US-Mexico Border urban legends

MR is a student at the University of Southern California, originally from Ames, IA.

MR shared a harrowing story that she’d heard from a friend in San Diego:

“My friend told me that in high school, there were kids who would sometimes cross the border into Tijuana to go out and party, and then they’d just post up on a hotel before driving back the next day…one year some kids went after finals and were out at a bar, and one of their girl friends was hanging out with a guy behind the bar. She told them she was going to stay and hang out with him, and that she’d call them when she was on her way back to their hotel…by morning no one had heard from her yet, and her phone calls would go straight to voicemail. They went back to the bar from last night and tried to show the owner a picture of the man that they’d taken last night, but the owner said he’d never seen him before. They drove around everywhere trying to find signs of their friend, but at some point they knew they had to get back to San Diego and would have to talk to the police then, after talking to the border patrol. So they started driving back and they were waiting in line to be search by border patrol, while they were talking to them also freaking out about their missing friend.

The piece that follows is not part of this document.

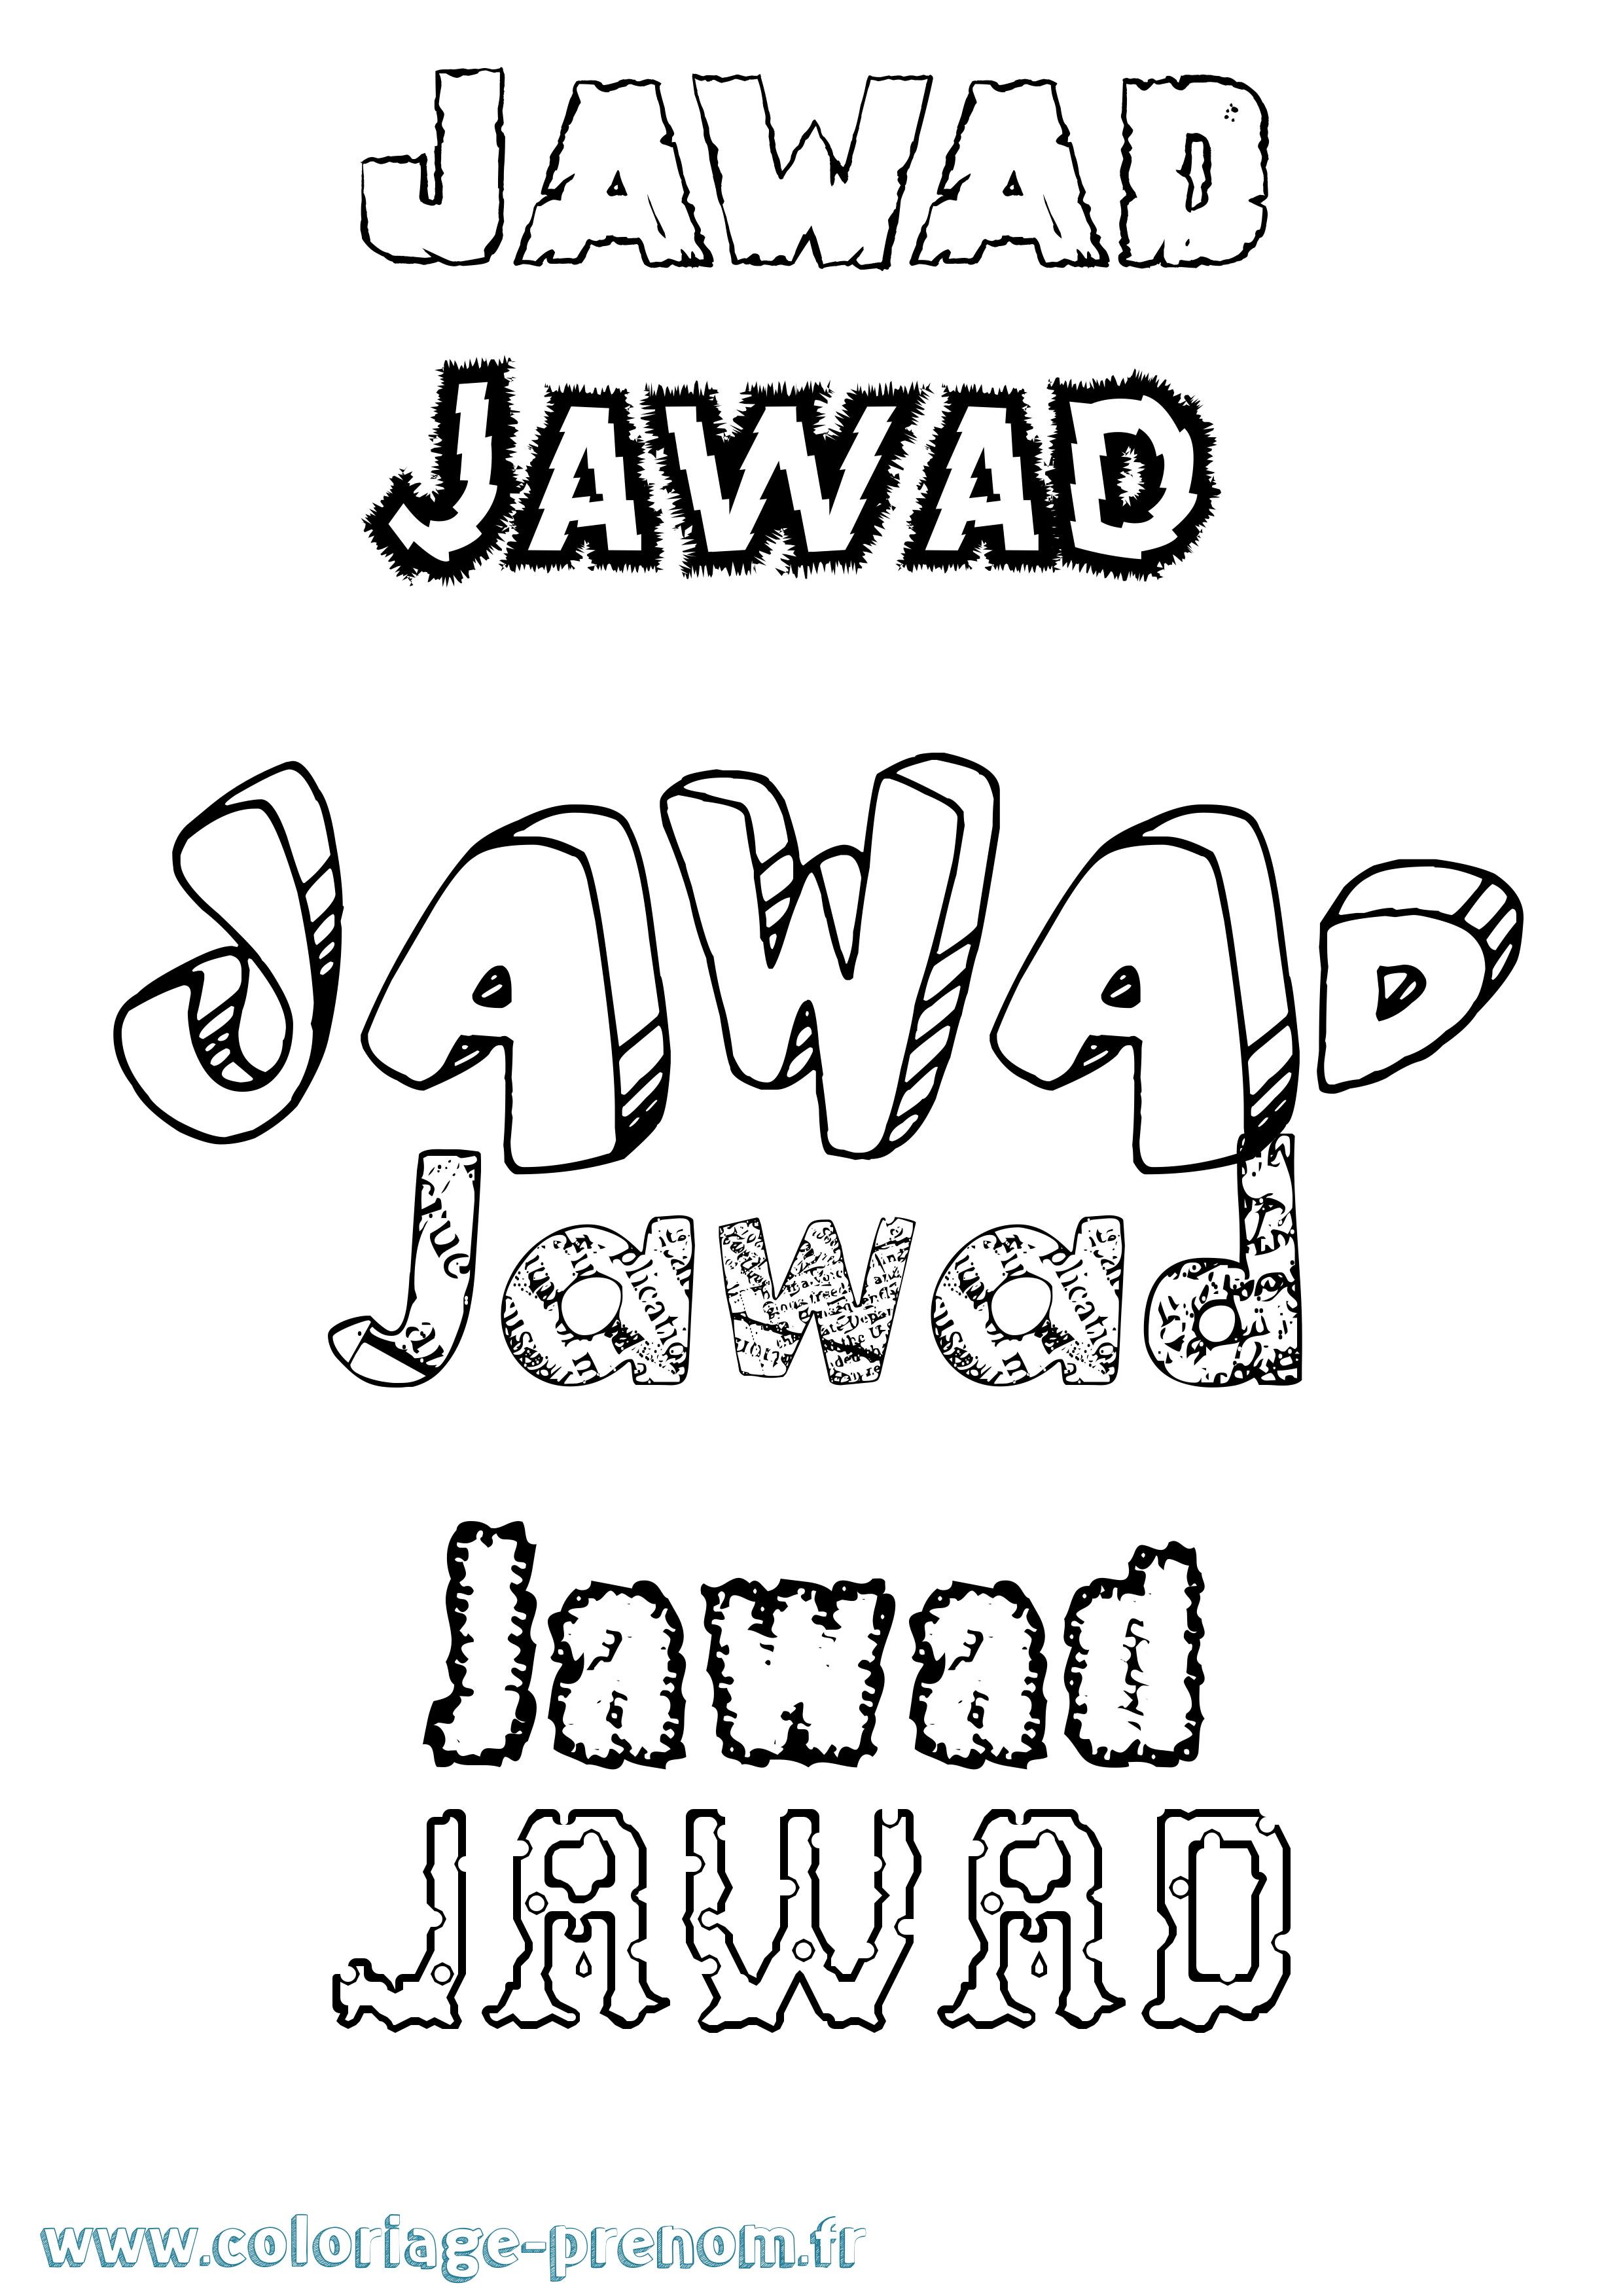 Coloriage prénom Jawad

All of a sudden in another line they see something going on, and the cops are talking to this guy who has a sleeping girl wearing sunglasses in the passenger seat. The cops tell the guy he can’t cross the border unless he can wake the girl up, and he’s putting up a lot of resistance. Finally they take off the girl’s sunglasses and realize she’s dead – at the base of her spine there’s an incision, and her spine has been padded by bags of cocaine.”

My analysis:

While this story initially freaked me out, MR offered her reservations about the whole thing. It seems like there are a lot of these nightmarish stories about cartels using dead bodies to smuggle drugs over the border, but there are almost no records of such a crime actually taking place. MR thinks these stories are used near the Mexican border to scare kids like her friend from going across to get away with drinking or partying, or at least encourage them to be extra-vigilant. It also makes those in the drug business as monstrous, inhuman entities, maybe making it easier to discriminate against people like them (ie. Mexicans in general). Legends like this seem pretty common in border communities, but luckily it doesn’t sound like they’re true.